Aim of the task: Could you restate word for word the lines running from the one with "Перчатки защитные для" to the end of the data, both ends included, but without pictures?

Available data:

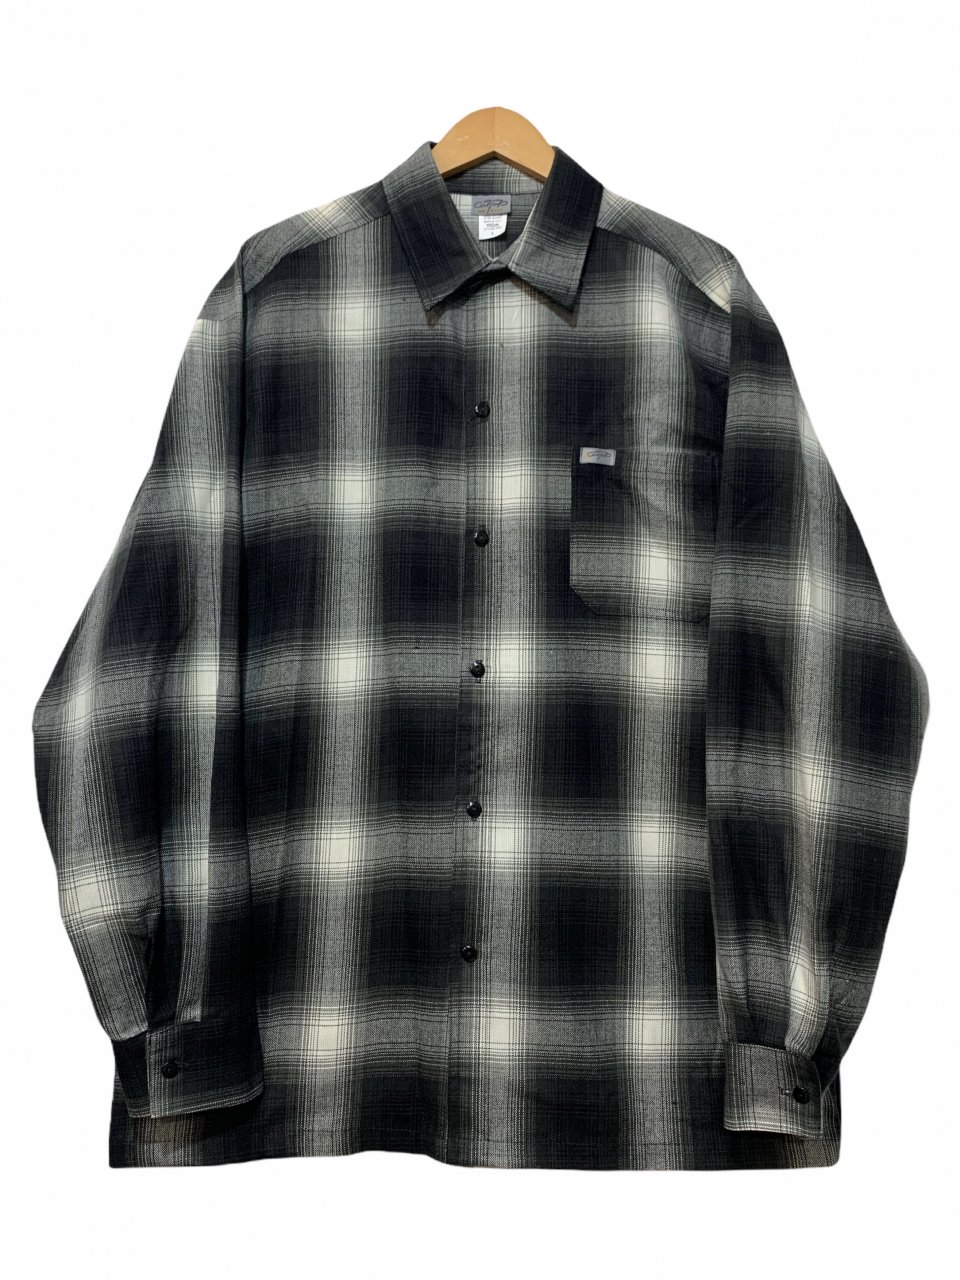 新品 CALTOP Ombre Check L/S Shirt (BLACK) キャルトップ 長袖 チェックシャツ オンブレチェック シャドーチェック  黒 ブラック カルトップ - NEWJOKE ONLINE STORE
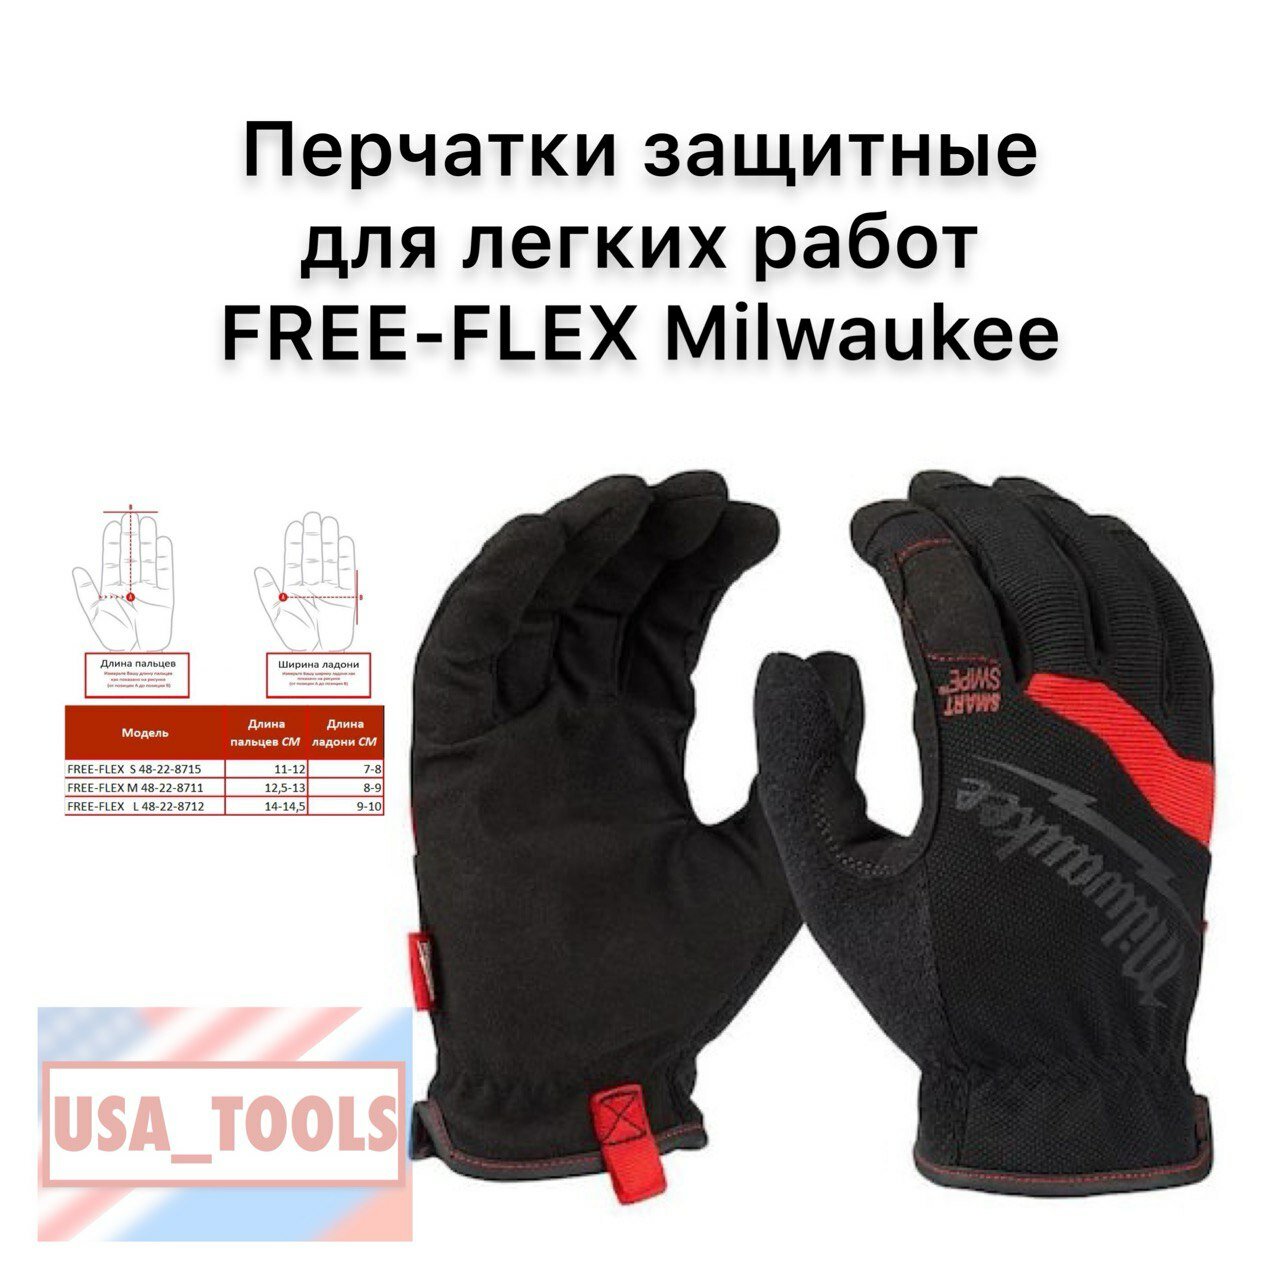 Перчатки защитные для легких работ FREE-FLEX размер M Milwaukee 48-22-8711
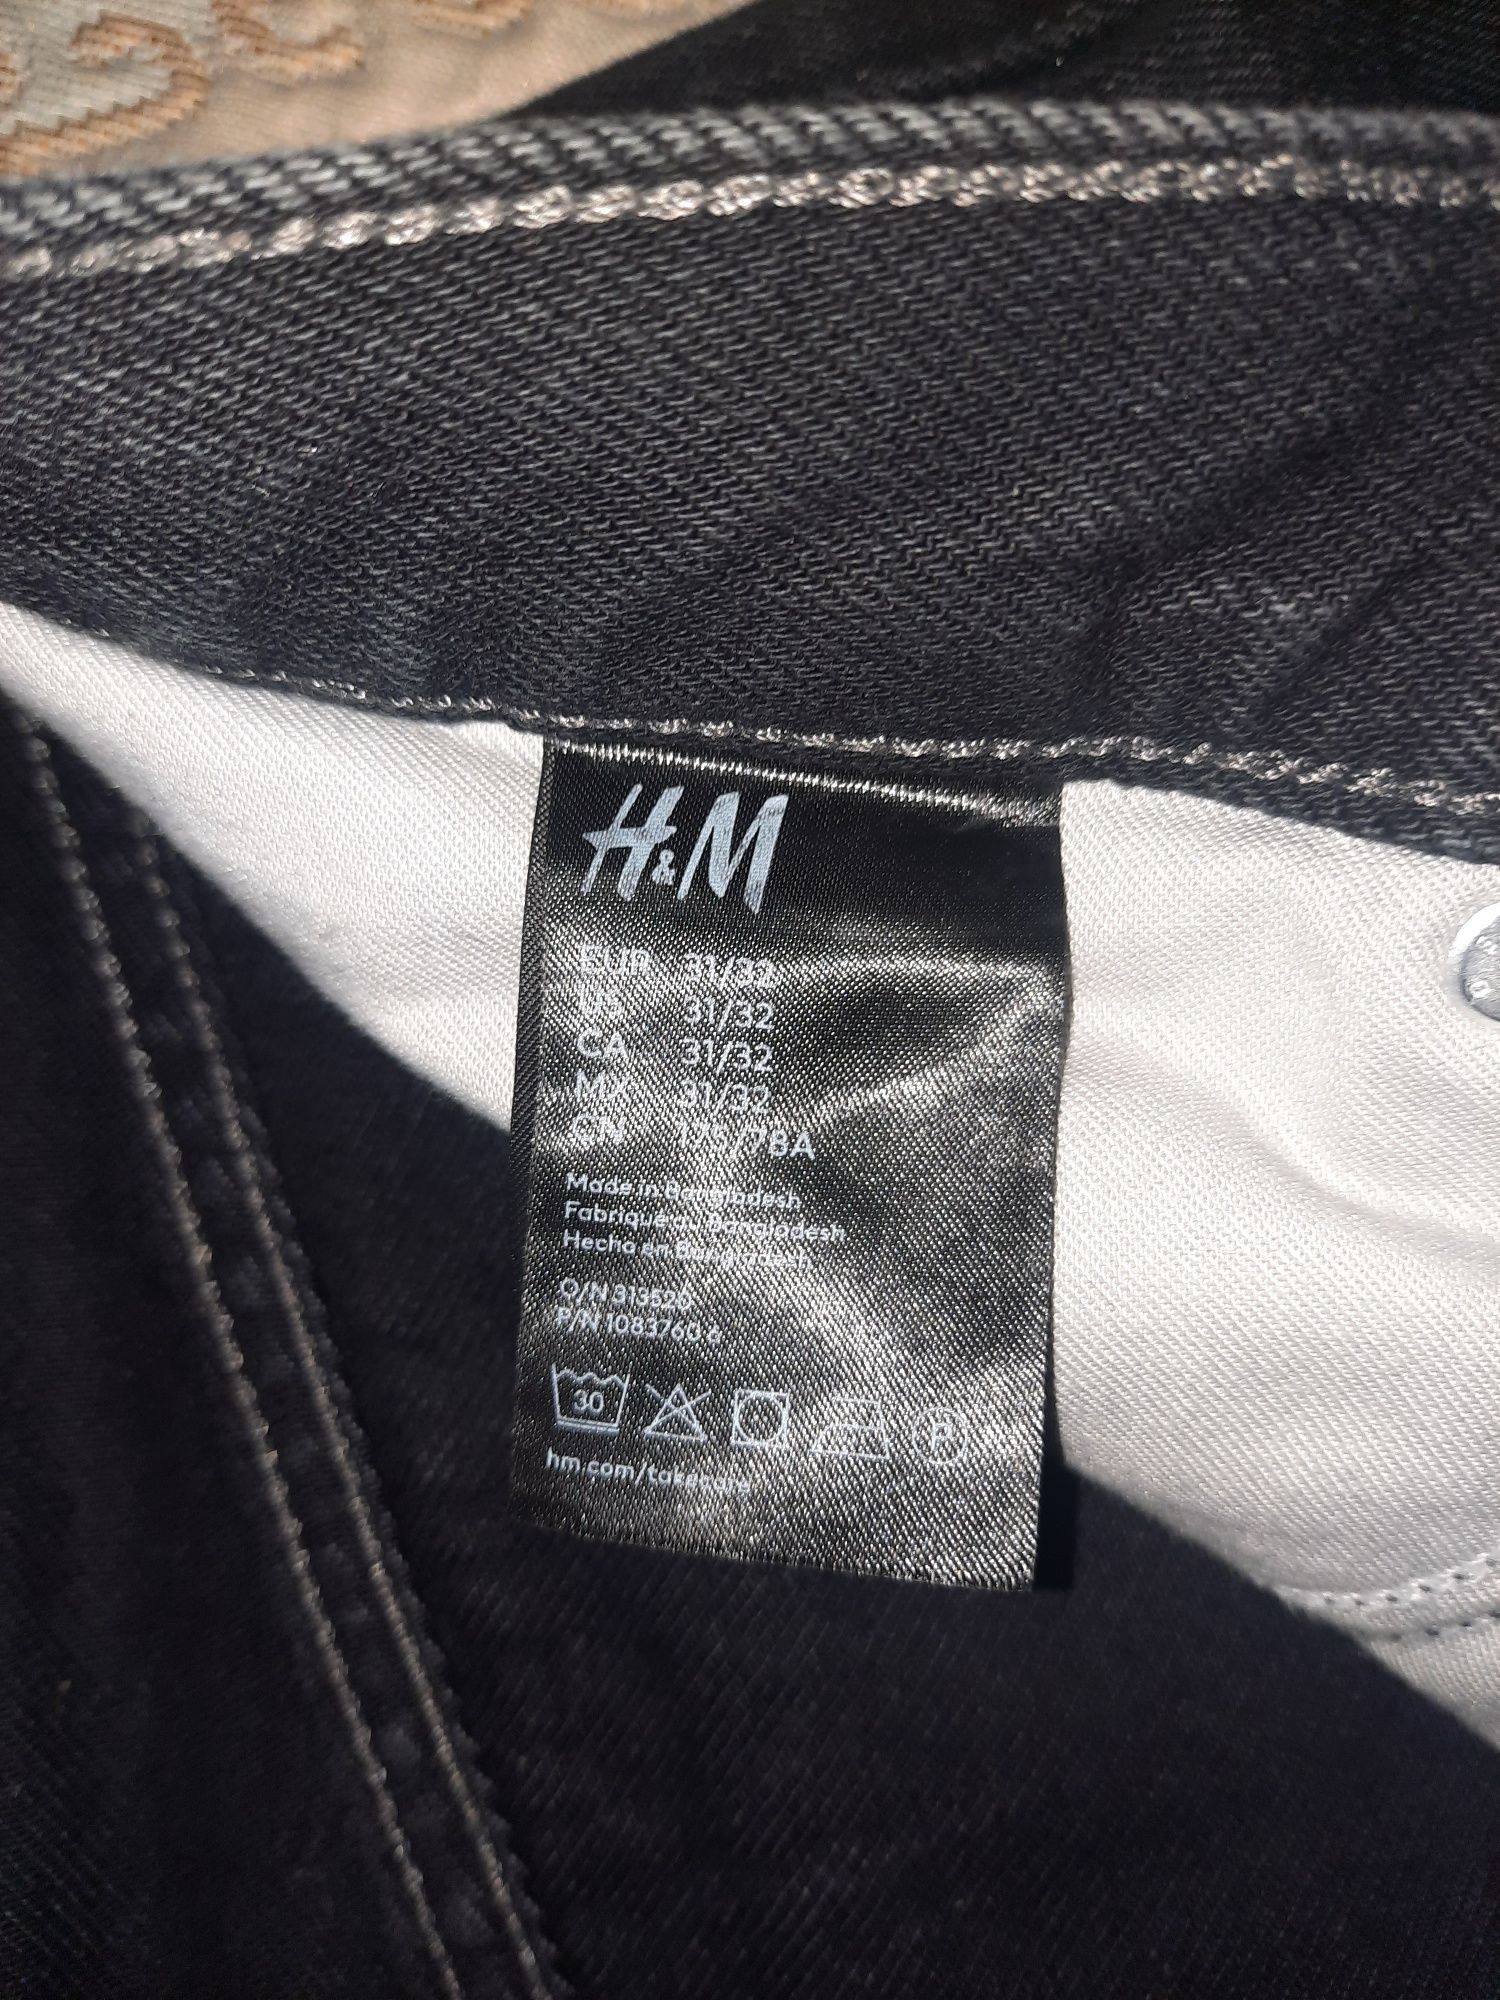 2 по ціні 1! Фірмові нові джинси H&M.Широка модель. р.31/32
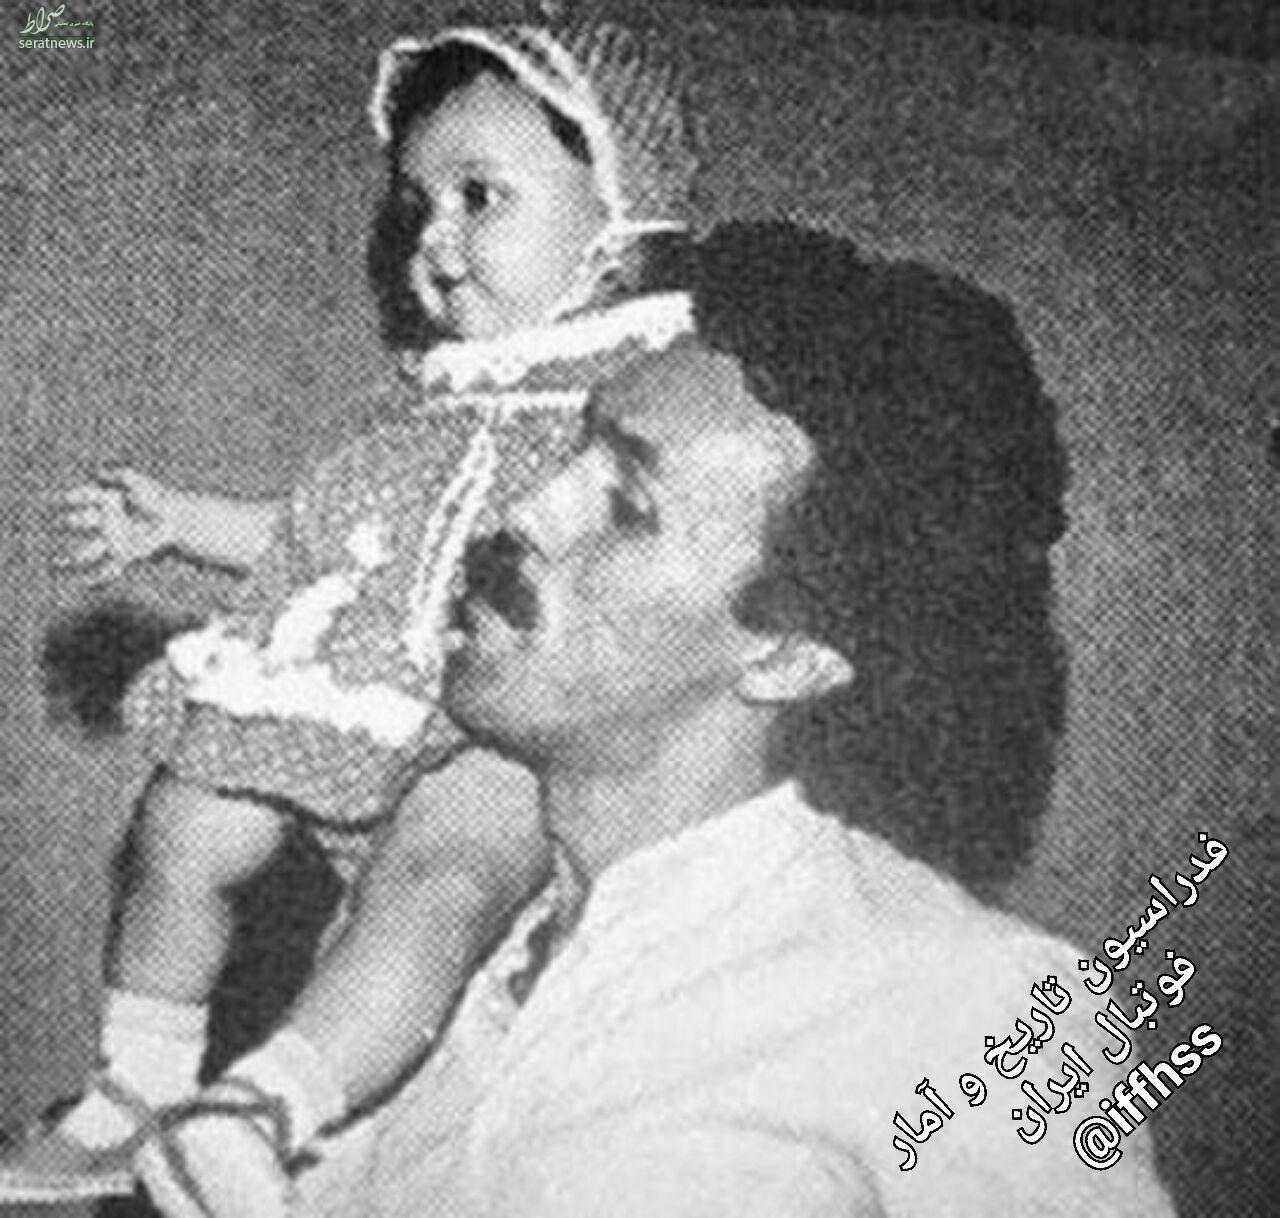 عکسی زیرخاکی از حمید علیدوستی و دخترش ترانه؛38 سال پیش

Answer box:
 Перчатки защитные для легких работ FREE-FLEX размер M Milwaukee 48-22-8711
 2 по ціні 1! Фірмові нові джинси H&M.Широка модель. р.31/32
 عکسی زیرخاکی از حمید علیدوستی و دخترش ترانه؛38 سال پیش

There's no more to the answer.